PIONEERING legal injection rooms for heroin users would save the health service millions of pounds by reducing pressure on A&E and slashing HIV transmission rates.
The experts behind the controversial scheme say the massive potential cost of a recent HIV epidemic among intravenous drug users, and other costs such as attendance at accident and emergency service might be avoided if the safer drug consumption facility is established in Glasgow.
An estimated 500 people are believed to use the drug in public places in the city centre on a regular basis. A recent outbreak of HIV, focused on this group, has seen 78 new cases diagnosed since 2015, and the paper estimates the lifetime cost of treating those people at up to £28.08 million.
Meanwhile research on 350 city centre drug users estimated that over two years they had between them cost £1.7m in visits to A&E alone.

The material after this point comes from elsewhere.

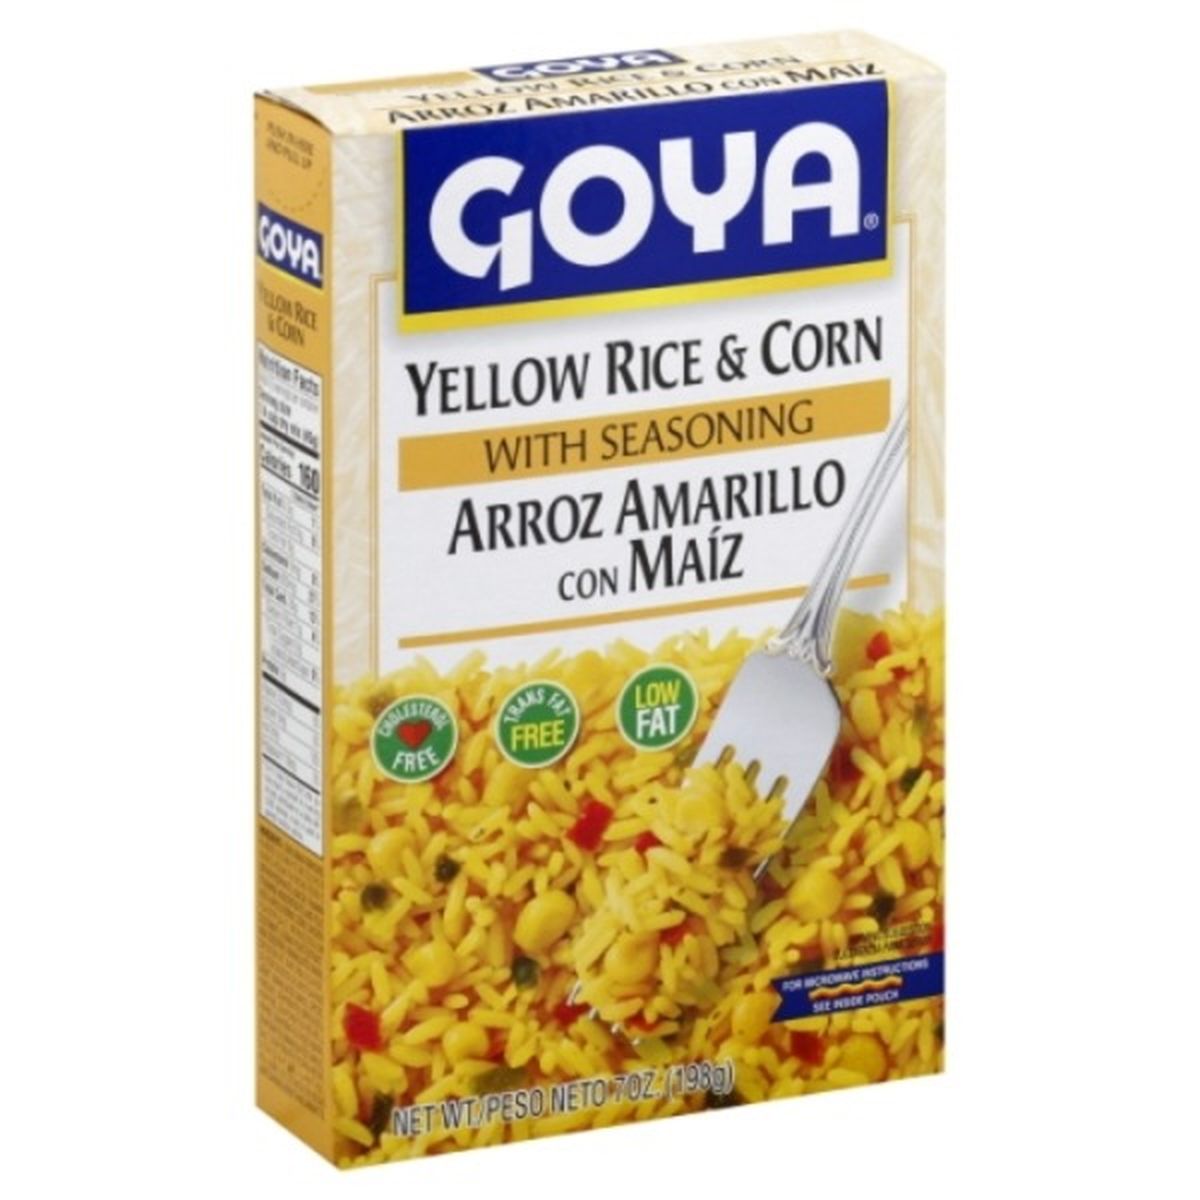 Calories in Goya Yellow Rice & Corn, with Seasoning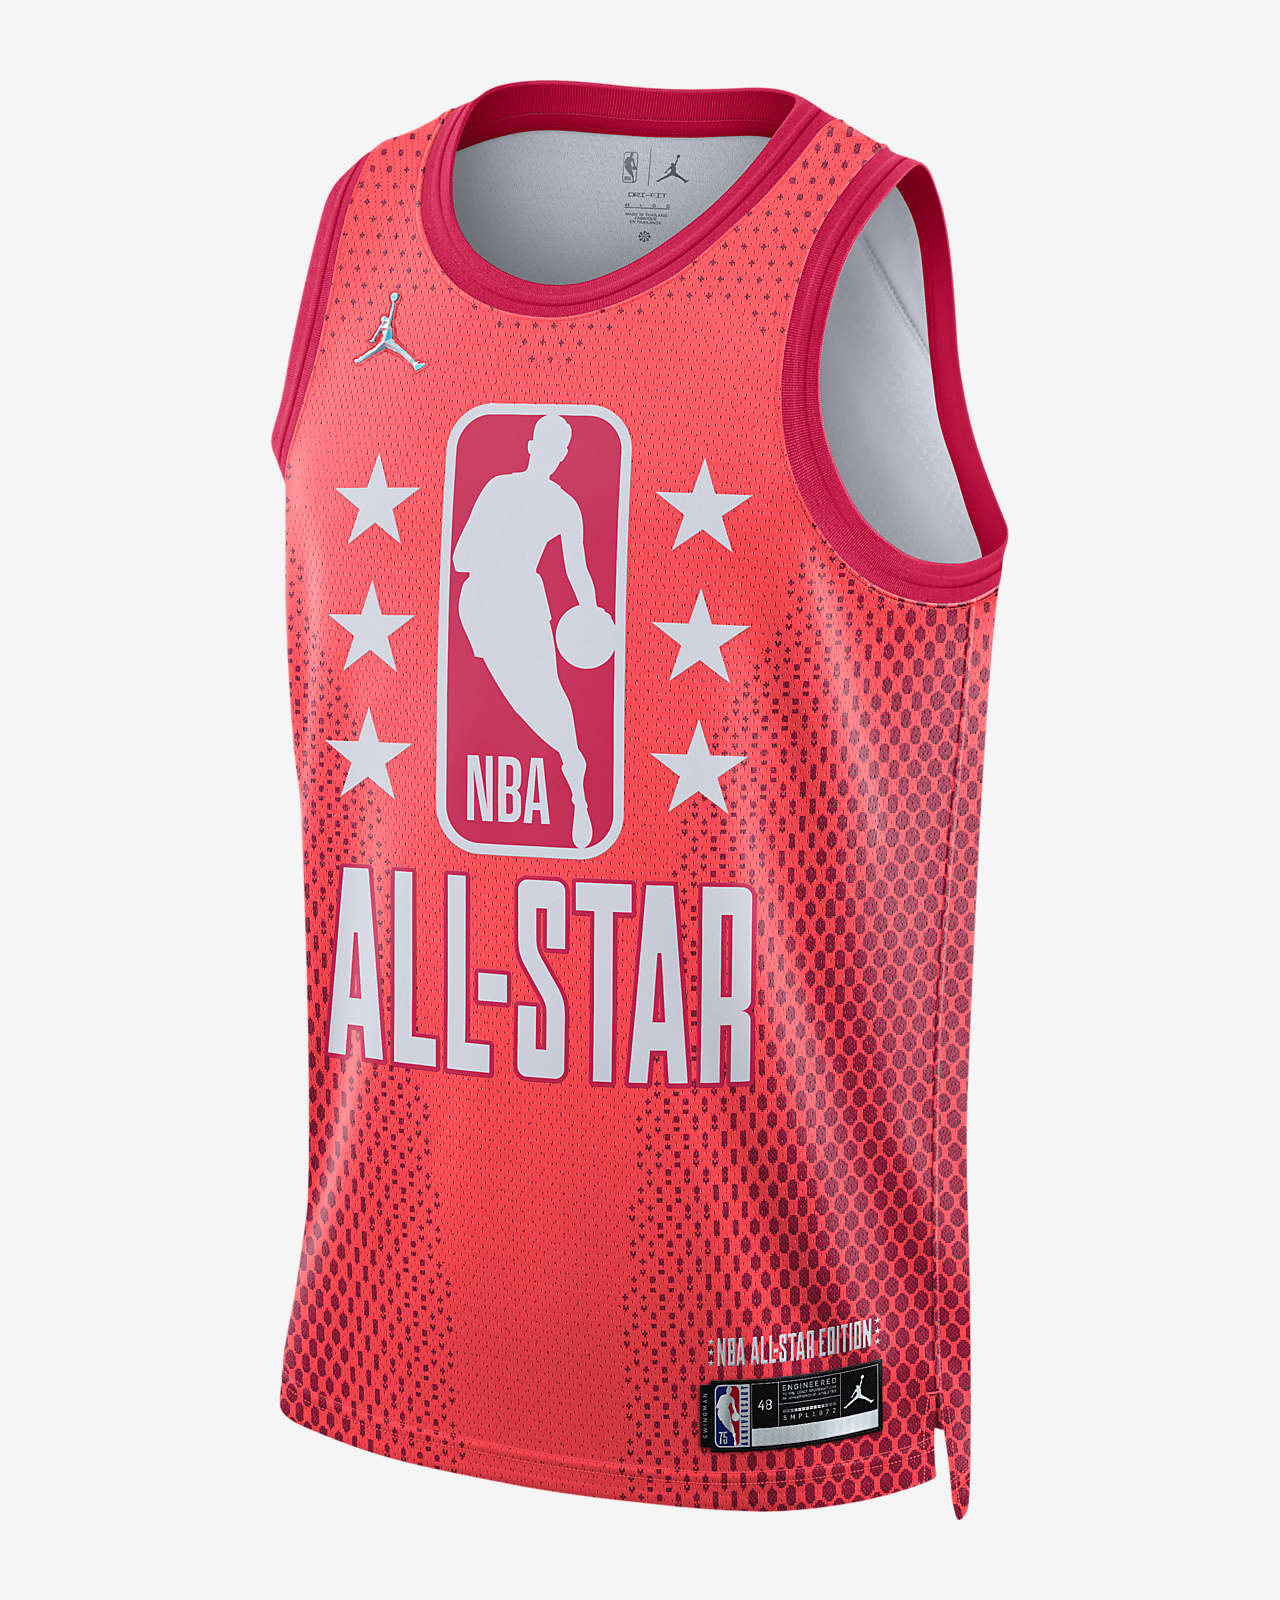 All-Star Edition Jordan Dri-FIT NBA Swingman Jersey

A report on the pilot planned by Glasgow Health and Social care Partnership says this means substantial financial gains could be achieved using a safer consumption facility - which will enable users to bring heroin they have purchased on the street and inject or smoke it under medical supervision. A selected group will instead be offered heroin assisted treatment (Hat), where doctors prescribe medical heroin for those for whom other treatments have failed.
In a paper to be presented to the next meeting of Glasgow's Integration Joint Board, chief social work officer Susanne Millar argues there are four main arguments in favour of the proposed centre. These are improving the health of addicts by reducing associated infections and overdoses, helping users get other support and treatment, making the city centre safer and more pleasant and saving unnecessary health and care spending.
Ms Millar said the figures about the economic impact of public injecting suggested an injection room could make a substantial saving to social servies. She added: "The health and social impact on those involved in public injecting leads directly to significant costs for support services.
"Our proposals to transform how we support those who publicly inject drugs would help to address a wide range of issues and so relieve considerable pressure on services elsewhere in the system
"The evidence clearly shows the potential for these proposals to create long term savings and so the economics of this issue are also compelling."
The draft business case does not say how much the pilot will cost, and this and other details including where it will be situated have now been postponed until a further IJB meeting in June.
David Liddell, director of Scottish Drugs Forum, said the financial case for drug injecting rooms was sound: "These are real costs and we know the HIV outbreak in Glasgow is still not effectively under control. The best way to do that and engage with those affected is to have people injecting gin a safer environment where they are not putting themselves at specific risk. The bottom line is this is a substantial group with significant health issues which will be costly if they are not dealt with - to the individuals themselves but potentially more widely as well."
Andrew Horne, director of drug and alcohol charity Addaction said he also supported the proposal. "Having injecting rooms, particularly for that group of complex street drug users in the city centre, would be effective and will see broad health benefits," he said.